Submitted to: Journal of Helminthology
Publication Type: Peer Reviewed Journal
Publication Acceptance Date: November 24, 2000
Publication Date: N/A
Interpretive Summary: Plant-parasitic nematodes attack all crops of agricultural importance, causing over $10 billion in losses annually to U. S. farmers. One problem facing growers is that environmental concerns will result in the elimination of some of the currently used chemical nematicides from the United States within the next few years. This makes the discovery of environmentally and economically sound replacement control agents critical. One approach is to identify natural targets that can provide the basis for development of novel control approaches. In this paper, we report the discovery of a protein-degrading enzyme within the soybean cyst nematode, a serious pest in the United States. The enzyme is associated with nematode growth and development, and may be connected to infection and feeding of this pest. This discovery is significant because it is the first report of this enzyme in any plant parasitic nematode, and the first to demonstrate a biochemical difference in this enzyme between parasitic and non-parasitic nematodes, identifying this enzyme as a potential natural target. This information will be used by researchers in the agrochemical and agricultural biotechnology industries who are developing safe, selective methods for nematode control.

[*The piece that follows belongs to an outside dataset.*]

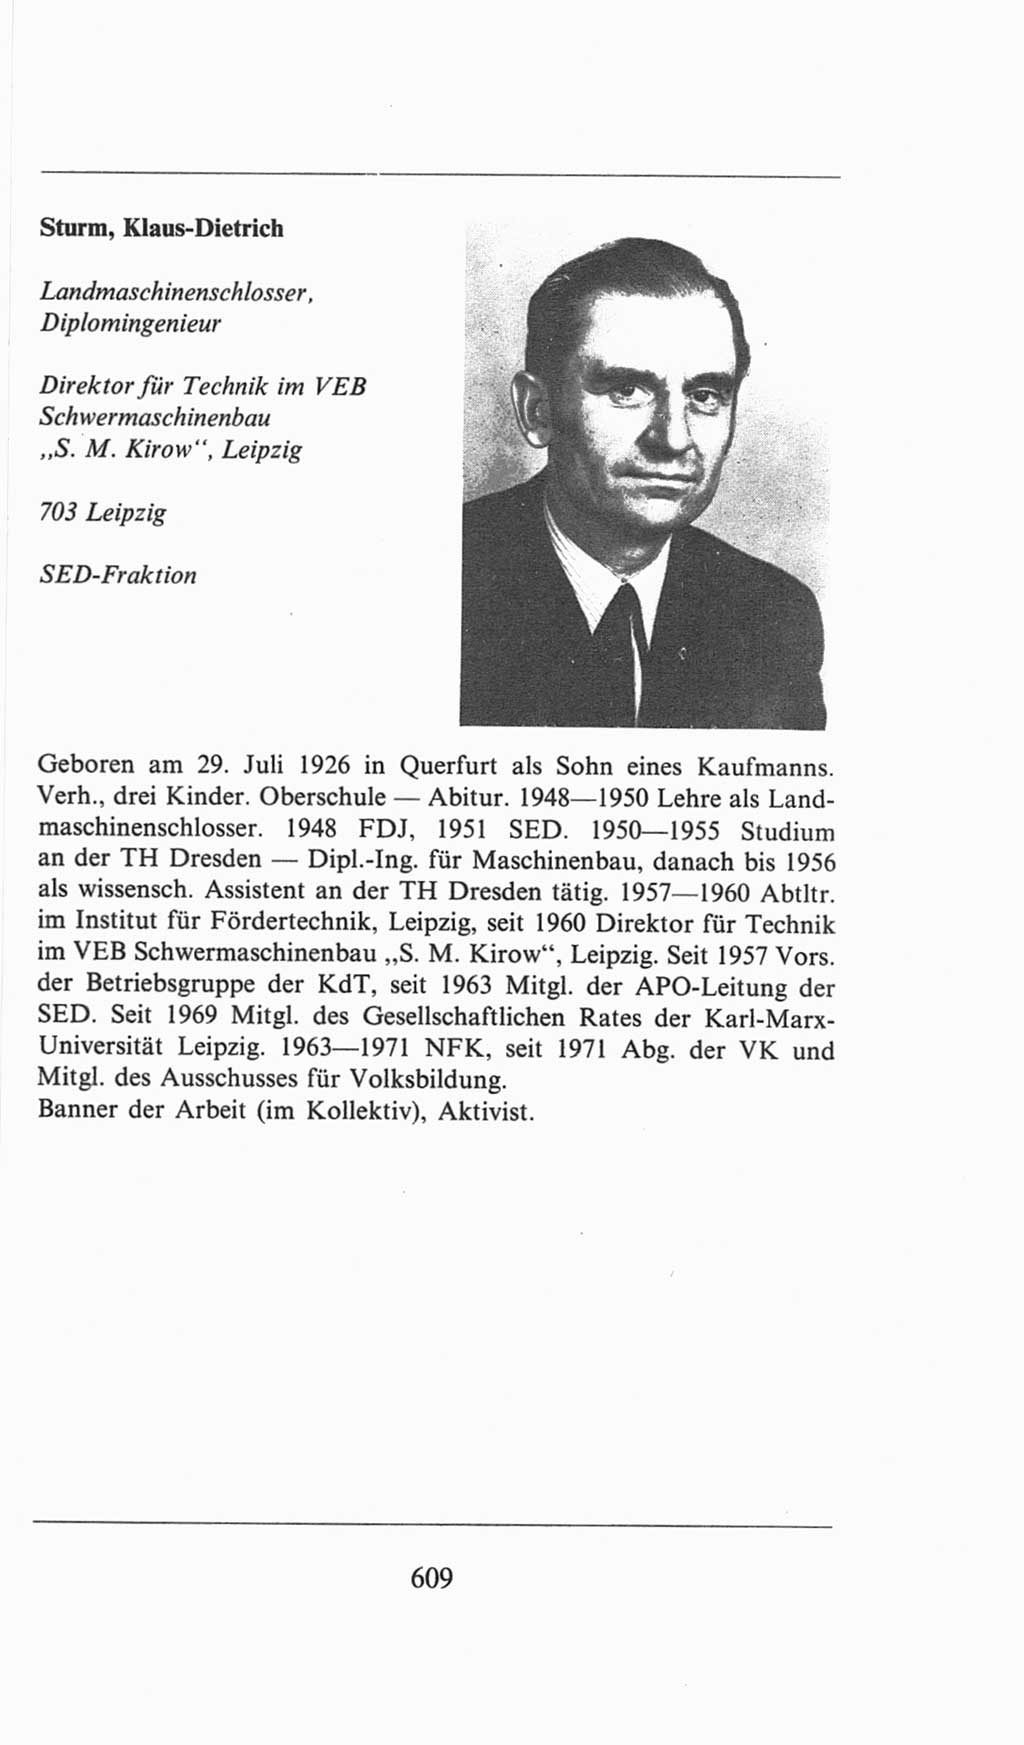 Volkskammer (VK) der Deutschen Demokratischen Republik (DDR), 6. Wahlperiode 1971-1976, Seite 609 (VK. DDR 6. WP. 1971-1976, S. 609)

Aminopeptidase activity was detected in extracts of the soybean cyst nematode, Heterodera glycines, using the synthetic substrate L-alanine -4-nitroanilide. All developmental stages examined exhibited activity, including young, maturing and old females, infective juveniles, and eggs. Activity was distributed between soluble and insoluble fractions, with the major portion of total recovered activity consistently in the insoluble portion. Substrate affinity (Km) was similar for all stages examined, ranging from 1.8 to 5.0 mM, and was similar in both soluble and insoluble fractions. Activity was solvent and heat labile, and eluted during size exclusion chromatography between 45KDa and 66KDa molecular weight markers. Aminopeptidase activity was also observed in preparations from the free-living soil nematode Caenorhabditis elegans. Kinetics were similar to H. glycines and both soluble and insoluble fractions were active. The distribution of activity between these fractions was strikingly different from H. glycines, with 90 percent of recovered activity in the soluble form.